Receiver architectures and circuits for the 5G technologies will be reviewed in this presentation. Two possible architectural directions towards 5G are considered.

From the SNR point of view, we can think of the sensitivity radio (or the long-distance radio) as the one extreme, and the maximum throughput radio (or the short-distance radio) as another extreme.

From the technology point of view, we can think of the co-working cellular radio (or the 3G/4G/4G+ radio) as the one extreme, and the co-working connectivity-cellular radio (4G+/WLAN radio) as another extreme.

All these cellular and connectivity technologies ‘speak’ different standardization languages, but from the RF IC design point of view there are many similarities that could be used to build a universal radio working across all the SNRs, distances, throughputs, and technologies from the very same circuits.

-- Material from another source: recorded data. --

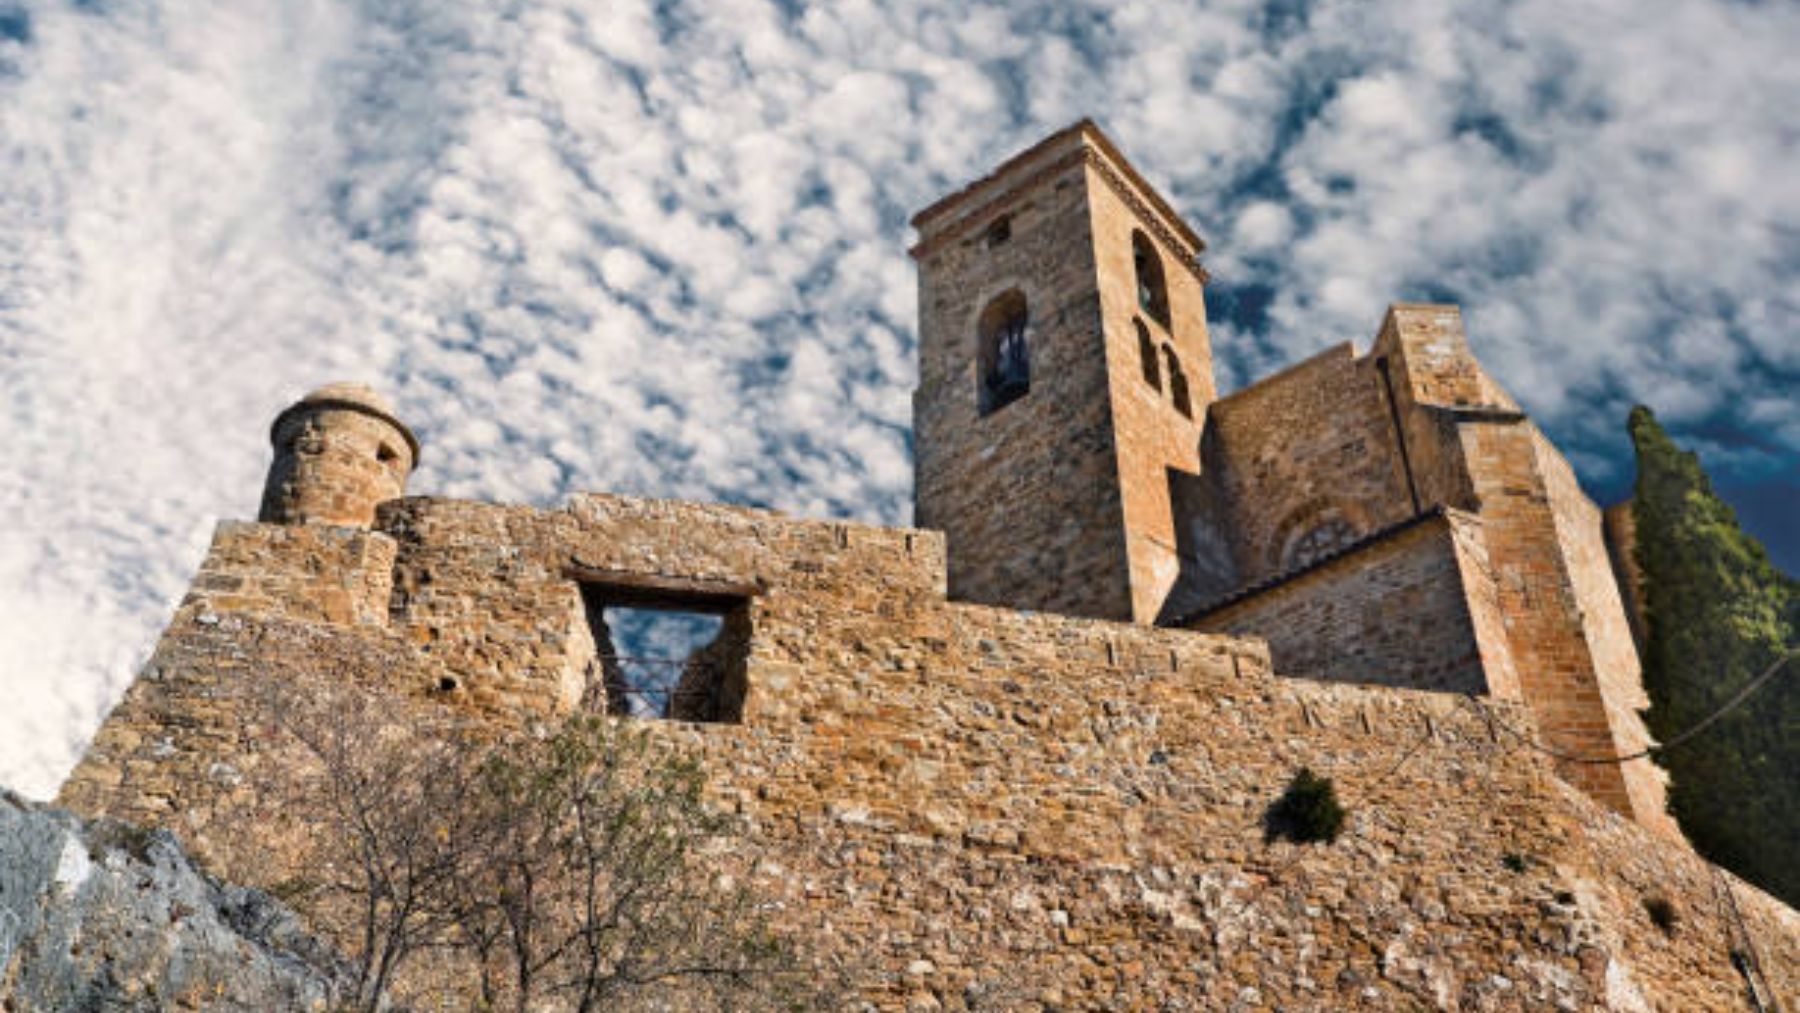 El castillo de Benabarre, uno de los pueblos medievales con más encanto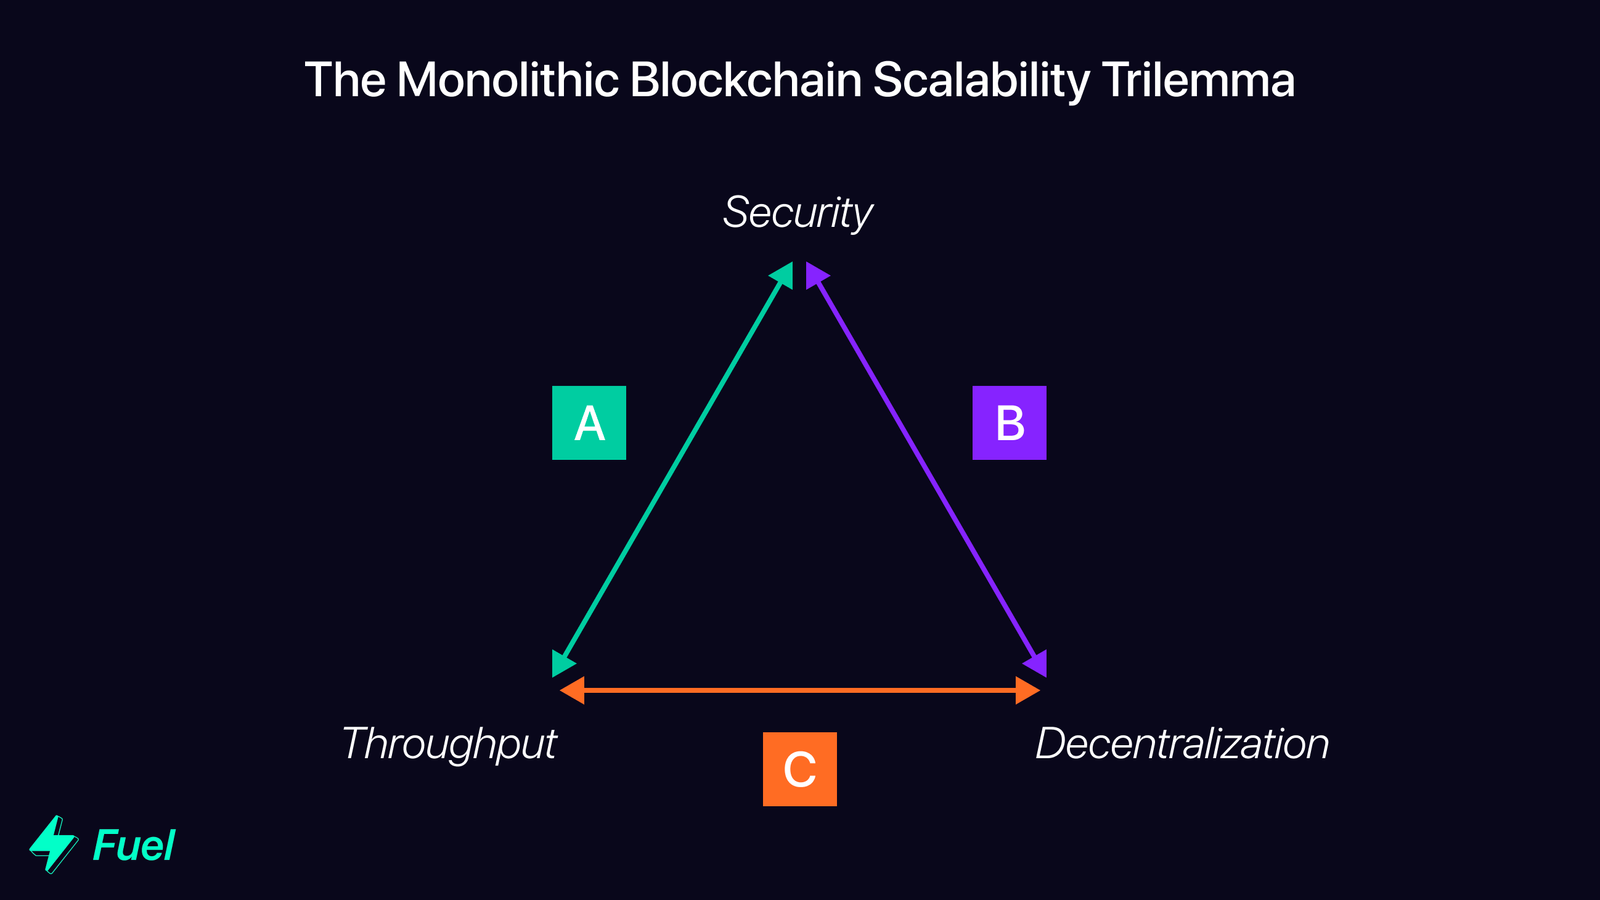 La plupart des blockchains monolithiques se positionne dans le groupe A, B, ou C, sacrifiant ainsi l'une des trois composante essentielles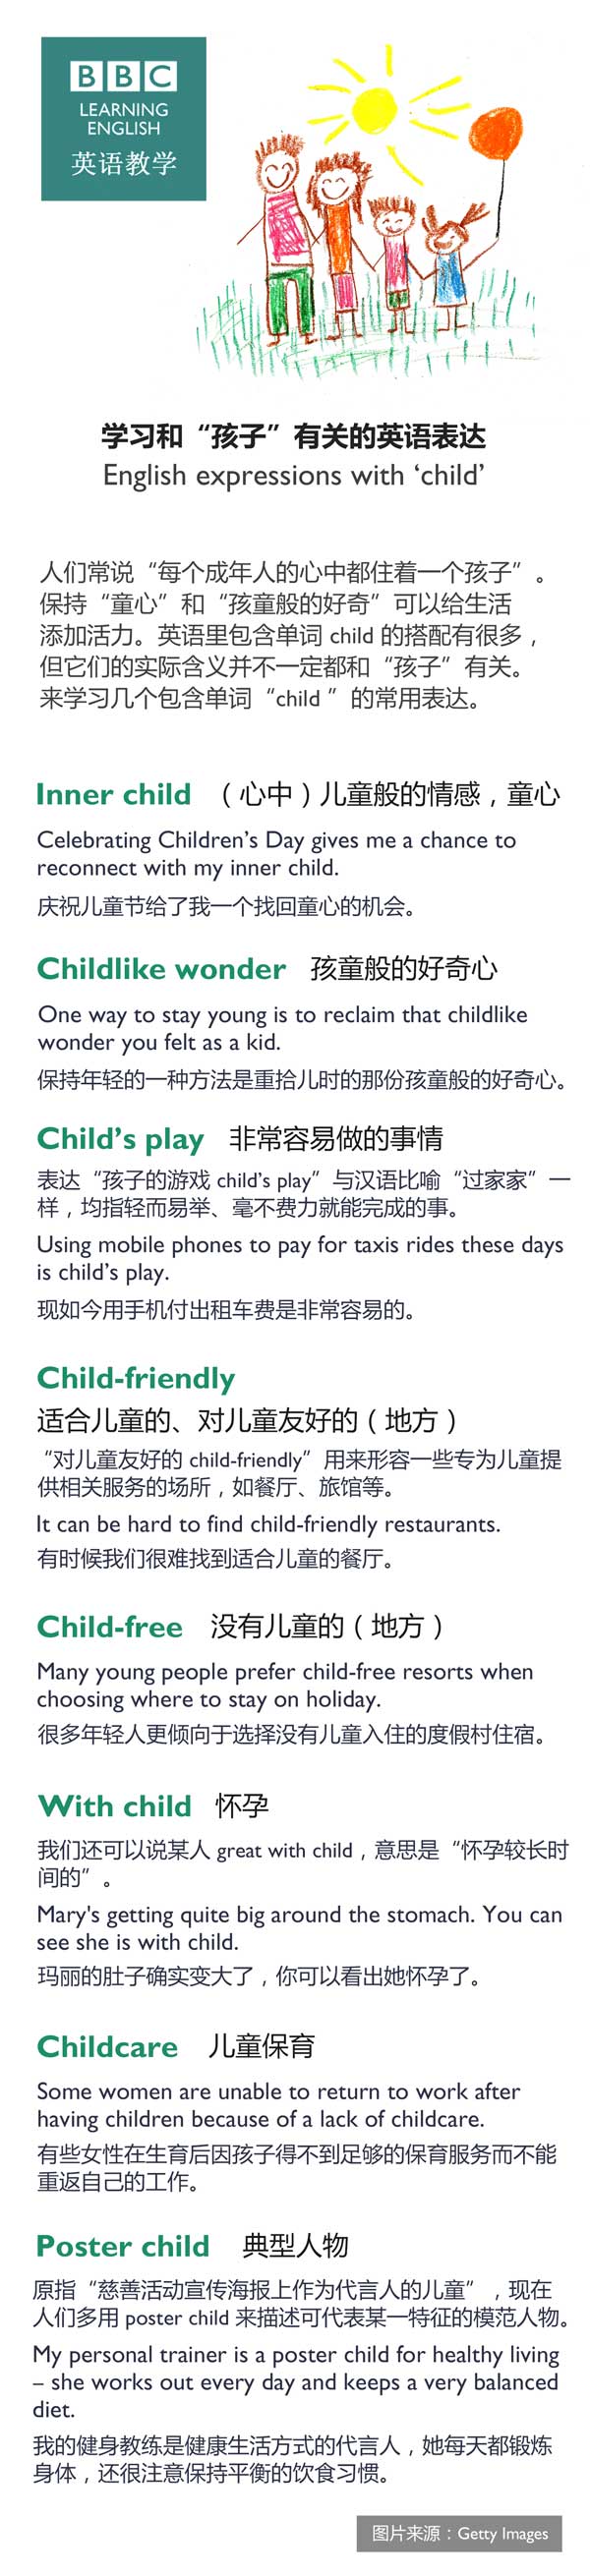 学习和“孩子”有关的英语表达

In this presentation, the receiver architectures and circuits meeting this common goal of ‘all-in-1’ radio will be put up for a consideration.  

An ‘imaginary’ local very-high throughput personal network (radio-belt) is introduced as a vehicle to build a 5G system with a 10Gb/s data rate. Design trade-offs among different modulation schemes, bandwidths, bands, and MIMO and beamforming signal-processing techniques are discussed throughout the presentation and their impact on the 5G circuit and architecture design outlined.

Bio: 

Dr. Tasic has over 15 years of experience in the field of RF IC design for multi-standard multi-band multi-mode and adaptive circuits and systems for wireless communications. 

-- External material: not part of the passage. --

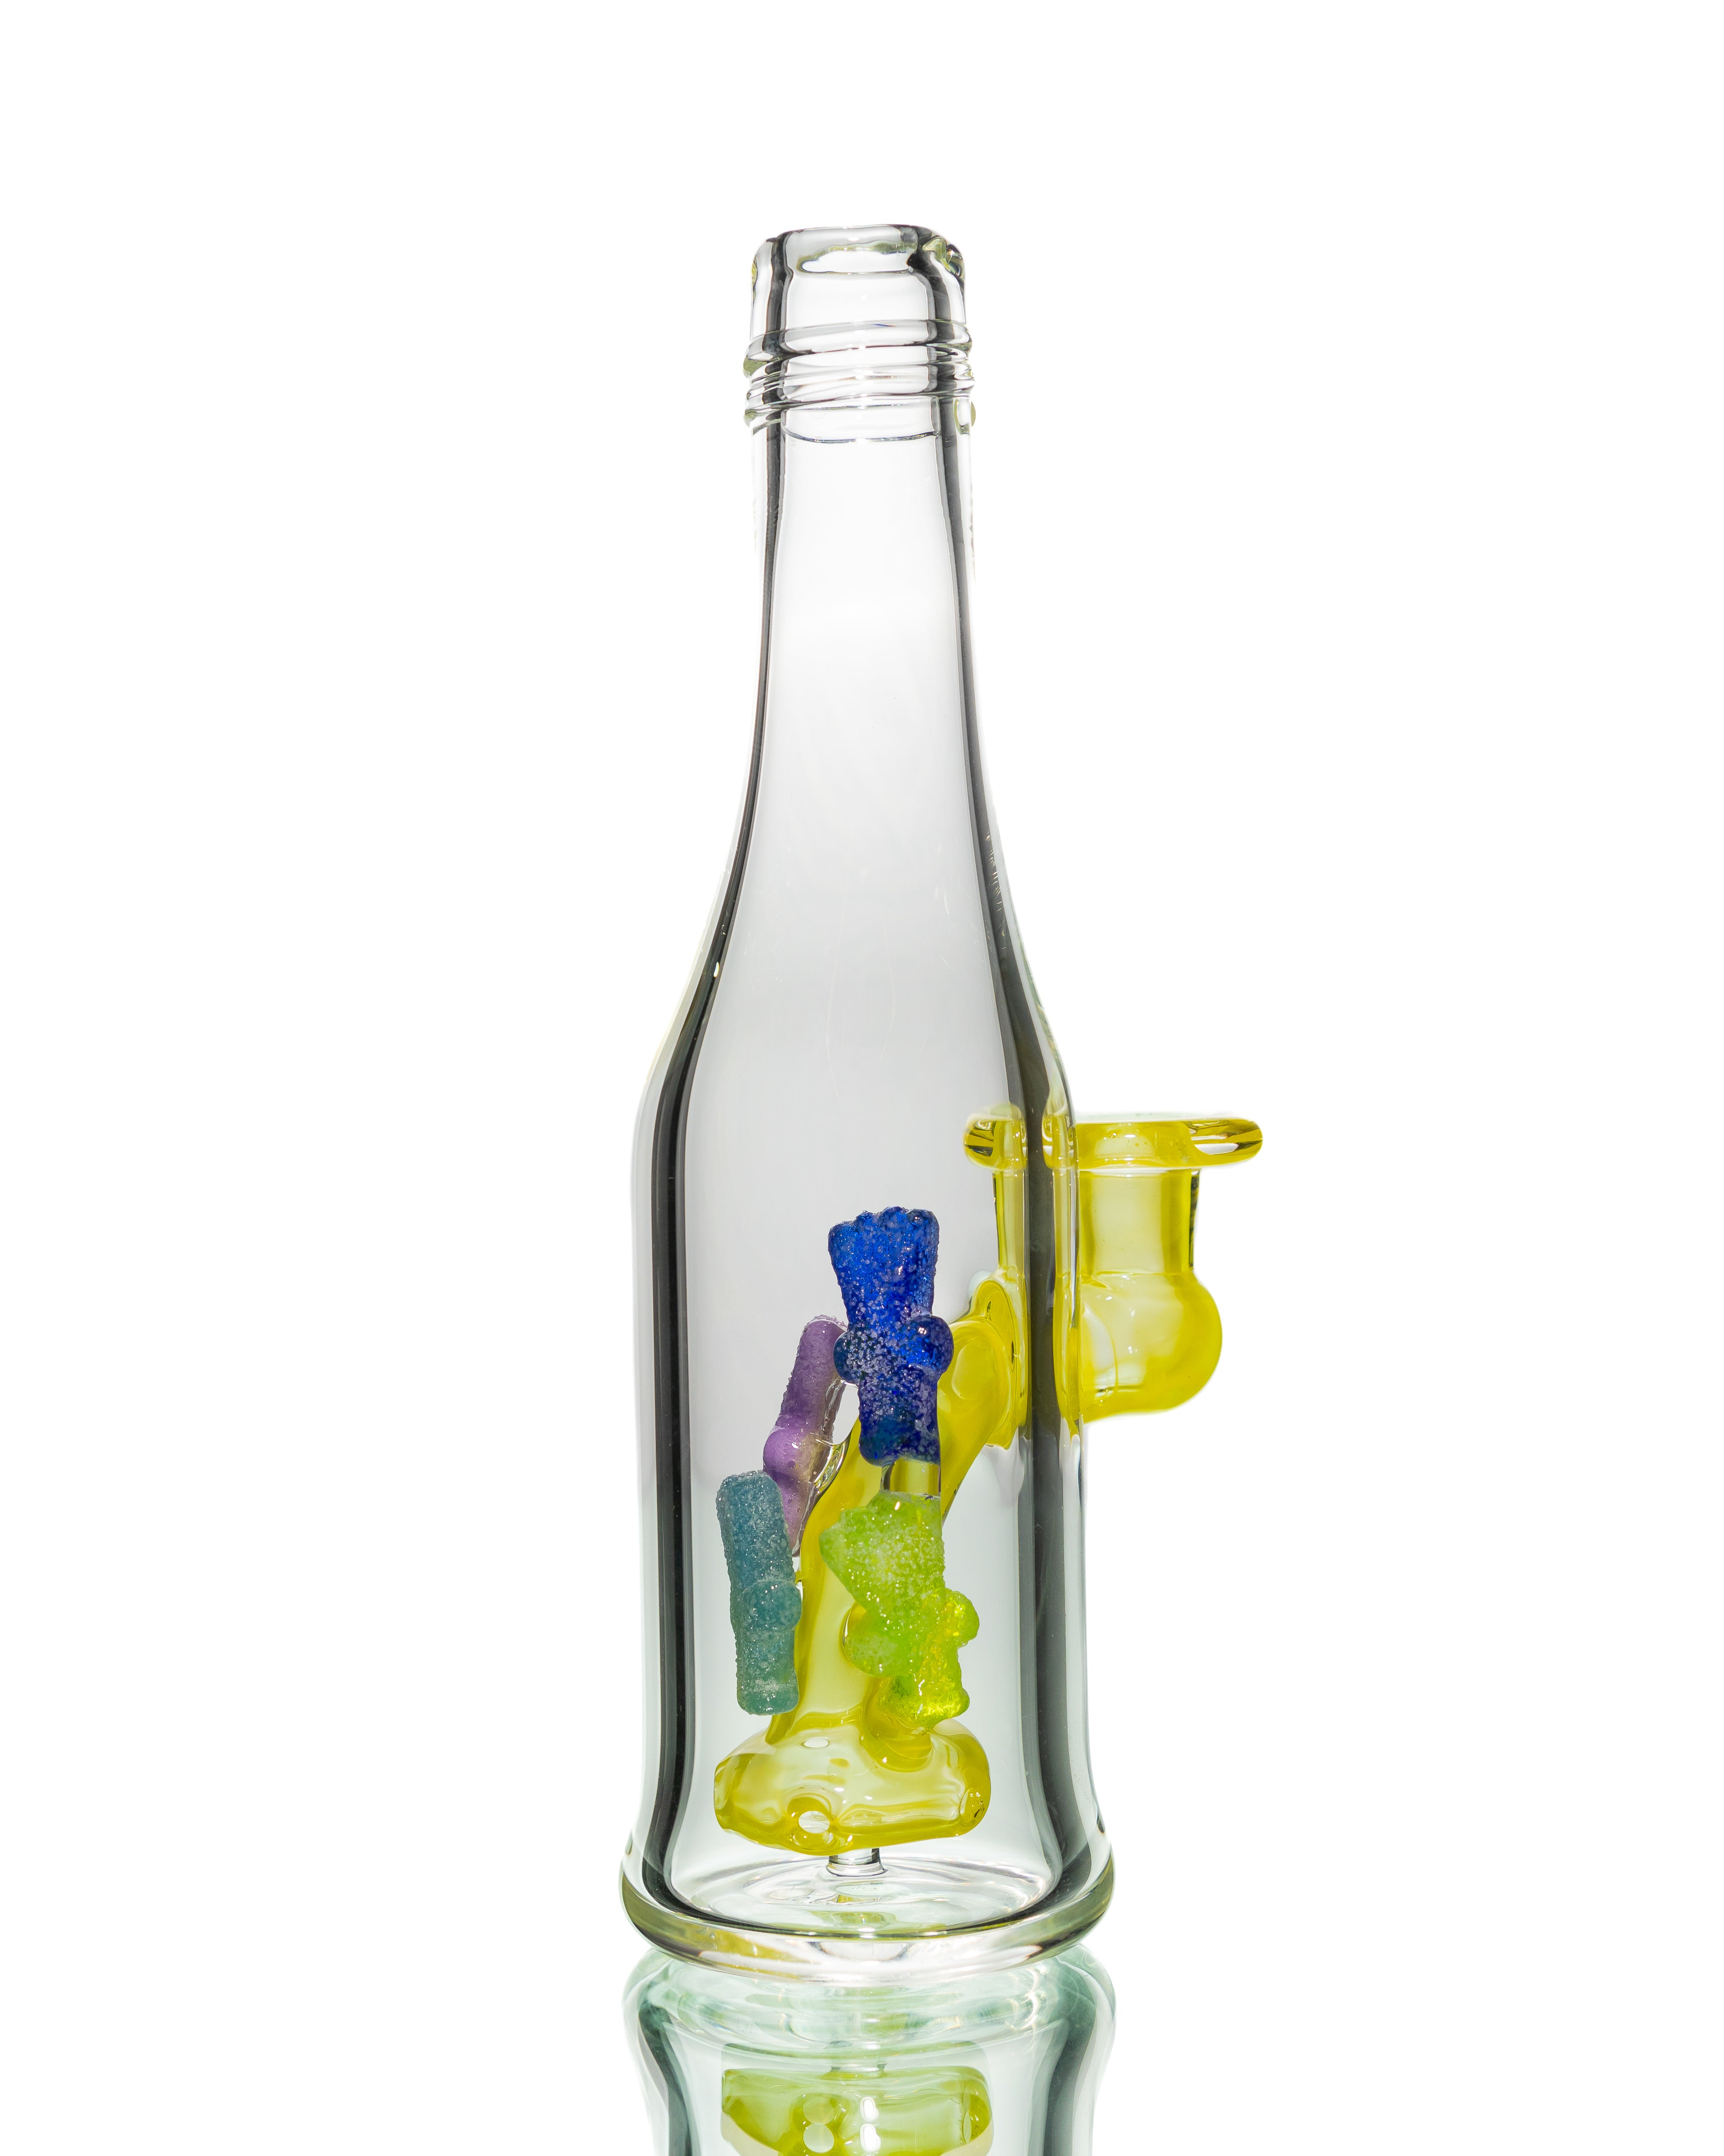 Emperial Glass - Lemon Drop Sour Patch Kids Bottle Rig

Dr. Tasic got his PhD from the Delft University of Technology, the Netherlands, in 2005, and worked afterwards as an Assistant Professor at the Delft University of Technology and a Visiting Scientist at the University of California San Diego until 2007. Since 2007 he’s been with Qualcomm San Diego as a Senior, Staff, and Senior-Staff Design Engineer, and Senior-Staff and Principal Manager. Between 2014-2015 he was with Mediatek San Diego as a Deputy Technical Director of the RF IC design team working on the advanced multi-carrier cellular transceivers. 

Dr. Tasic worked on the world's 1st 4G transceiver and the world’s lowest-consumption 4G transceiver in the 2nd generation. He led a receive design team towards the world's 1st transceiver for carrier aggregation supporting simultaneous operation of multiple receivers. 

Dr. Tasic laid down the IP groundwork for the expandable carrier-aggregation transceivers interfacing the external front-end amplifier modules and other transceivers whereby enabling seamless aggregation of carriers and enhanced sensitivity and throughput performance.

He patented the key carrier aggregation circuits and transceiver architectures implemented in more than 2 billion transceivers that are shipped to the leading phonemakers. He holds 14 patents and 26 patent submissions.  Dr. Tasic was an Associate Editor for TCAS-I between 2010-2012. He published more than 30 conference and journal papers and 2 books.